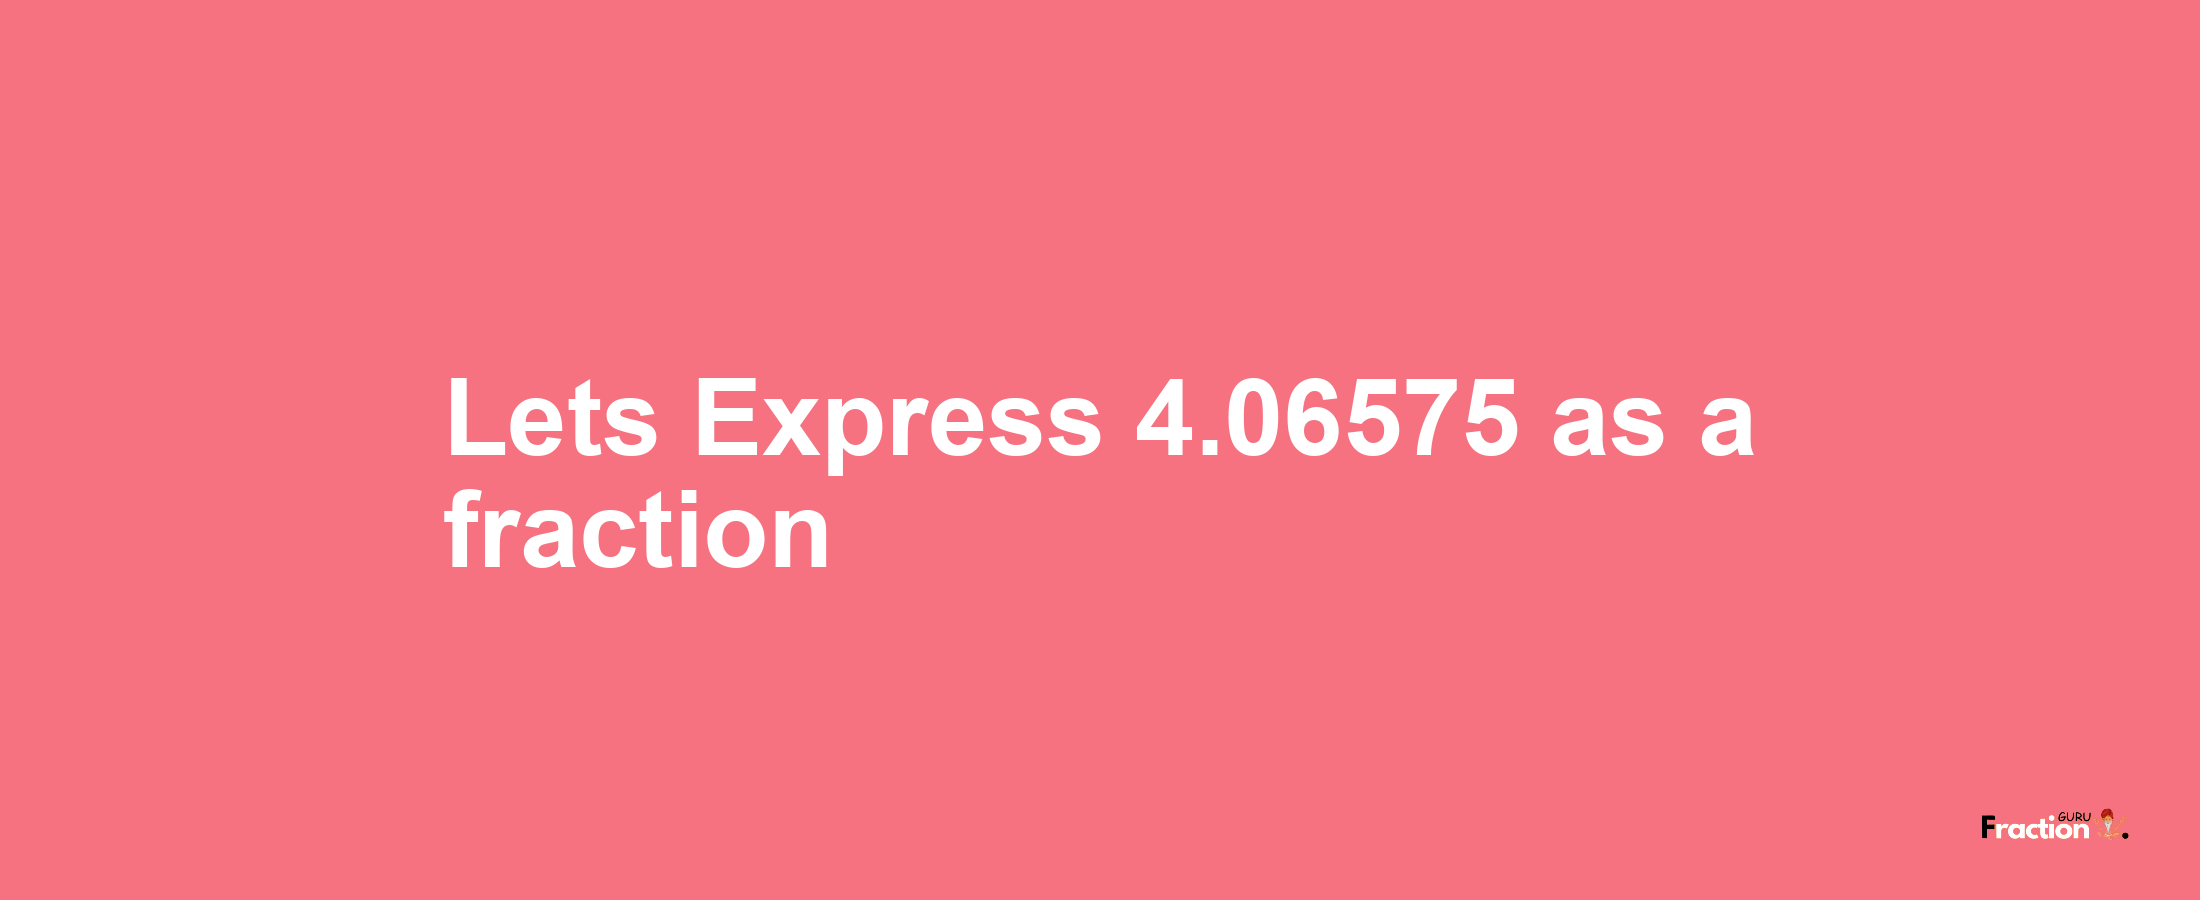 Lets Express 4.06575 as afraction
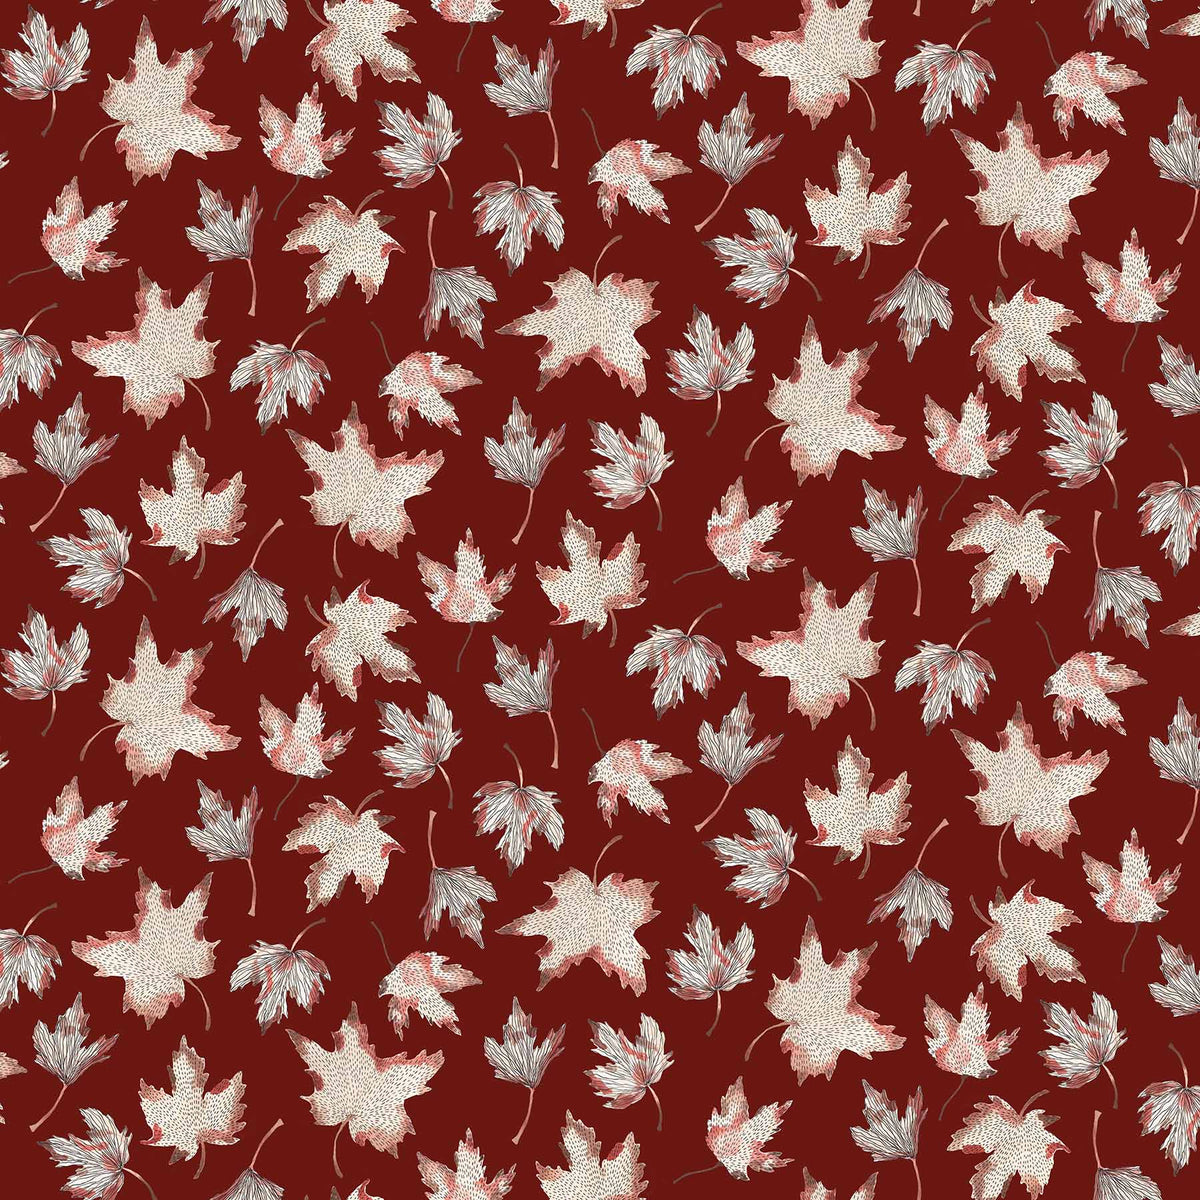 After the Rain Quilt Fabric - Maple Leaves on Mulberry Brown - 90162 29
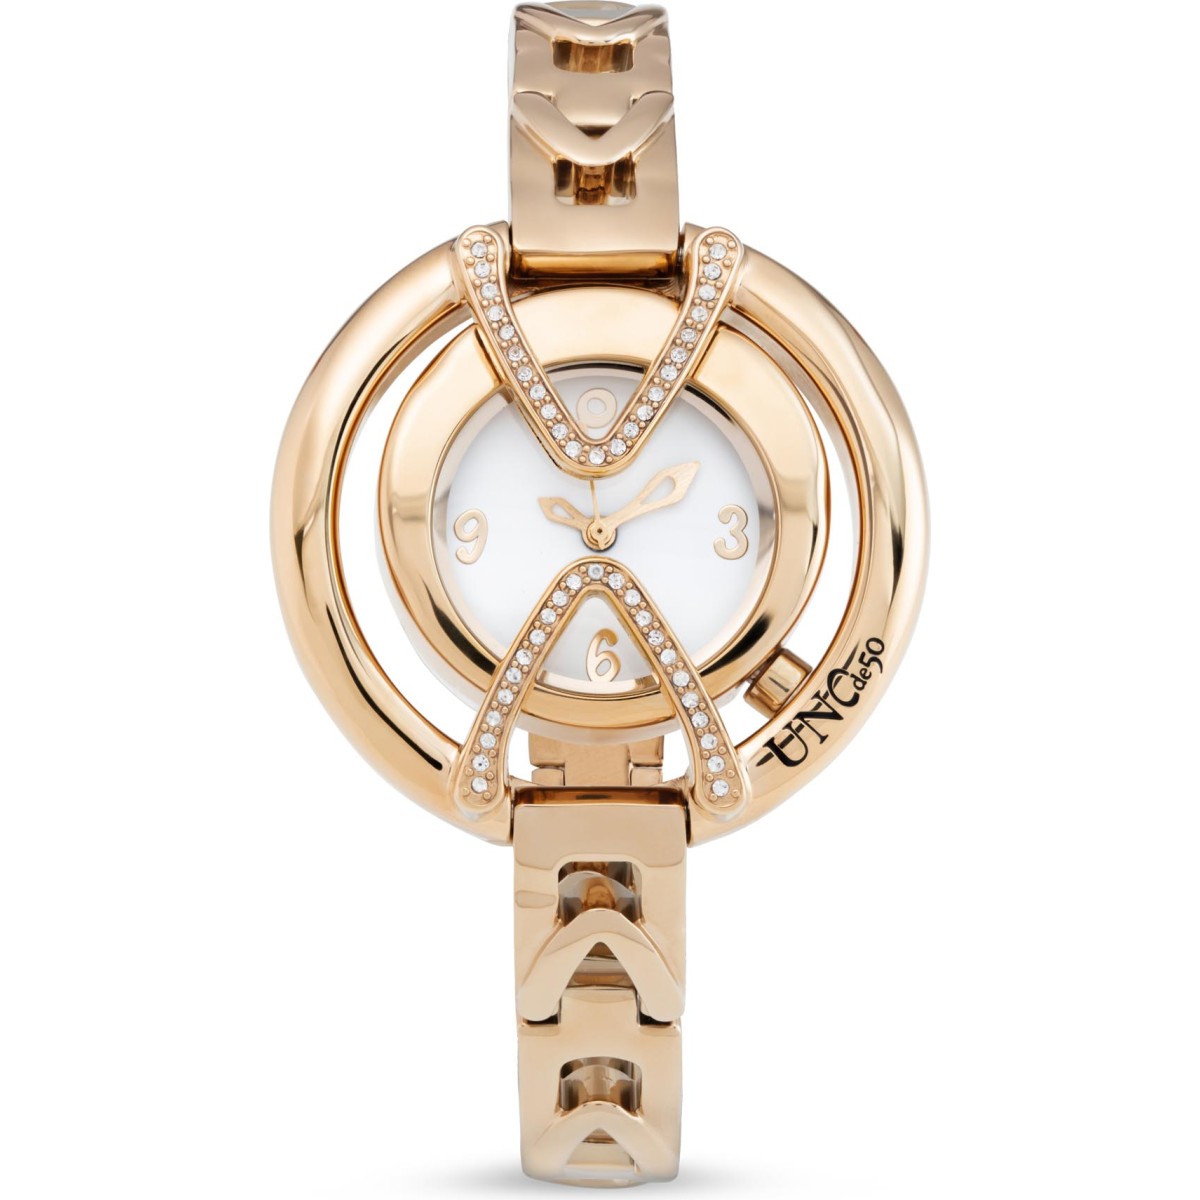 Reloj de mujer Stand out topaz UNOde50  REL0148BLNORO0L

## What is expected
Give back the listing exactly, with the pictures removed.

## Answer below
 Lets Express 4.06575 as afraction
 After the Rain Quilt Fabric - Maple Leaves on Mulberry Brown - 90162 29
 Reloj de mujer Stand out topaz UNOde50  REL0148BLNORO0L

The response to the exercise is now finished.